▶ **DATASET EXTRACT**
————————
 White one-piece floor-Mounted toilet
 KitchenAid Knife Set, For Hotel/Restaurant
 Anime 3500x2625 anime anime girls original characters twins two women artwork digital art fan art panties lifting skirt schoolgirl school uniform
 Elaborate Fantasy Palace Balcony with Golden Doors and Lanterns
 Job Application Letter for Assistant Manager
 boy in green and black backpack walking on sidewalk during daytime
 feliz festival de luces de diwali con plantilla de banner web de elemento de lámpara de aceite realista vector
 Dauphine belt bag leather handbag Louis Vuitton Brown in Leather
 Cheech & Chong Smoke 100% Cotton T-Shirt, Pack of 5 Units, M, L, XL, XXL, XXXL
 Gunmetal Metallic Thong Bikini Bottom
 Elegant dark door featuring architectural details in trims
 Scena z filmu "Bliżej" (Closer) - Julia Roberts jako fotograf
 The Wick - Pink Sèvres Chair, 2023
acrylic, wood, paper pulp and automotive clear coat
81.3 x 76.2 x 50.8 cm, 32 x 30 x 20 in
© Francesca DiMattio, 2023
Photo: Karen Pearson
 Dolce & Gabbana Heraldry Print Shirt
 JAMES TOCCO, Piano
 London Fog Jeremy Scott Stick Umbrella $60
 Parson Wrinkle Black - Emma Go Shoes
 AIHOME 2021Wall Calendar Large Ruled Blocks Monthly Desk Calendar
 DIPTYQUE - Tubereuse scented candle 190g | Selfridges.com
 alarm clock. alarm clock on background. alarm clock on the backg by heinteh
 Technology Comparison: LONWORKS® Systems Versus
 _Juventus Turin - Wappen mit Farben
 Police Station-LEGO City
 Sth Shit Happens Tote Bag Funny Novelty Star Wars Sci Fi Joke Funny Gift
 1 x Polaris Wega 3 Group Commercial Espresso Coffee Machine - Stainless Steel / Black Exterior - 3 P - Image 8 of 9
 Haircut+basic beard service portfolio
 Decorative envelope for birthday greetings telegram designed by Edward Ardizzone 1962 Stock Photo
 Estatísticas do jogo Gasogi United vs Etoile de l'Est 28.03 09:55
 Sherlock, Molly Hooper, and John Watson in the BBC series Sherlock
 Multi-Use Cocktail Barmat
————————
▶ **WORK TASK**
Across the records above, count the lines holding "Photo" and write down only that count.

▶ **EXERCISE ANSWER**
2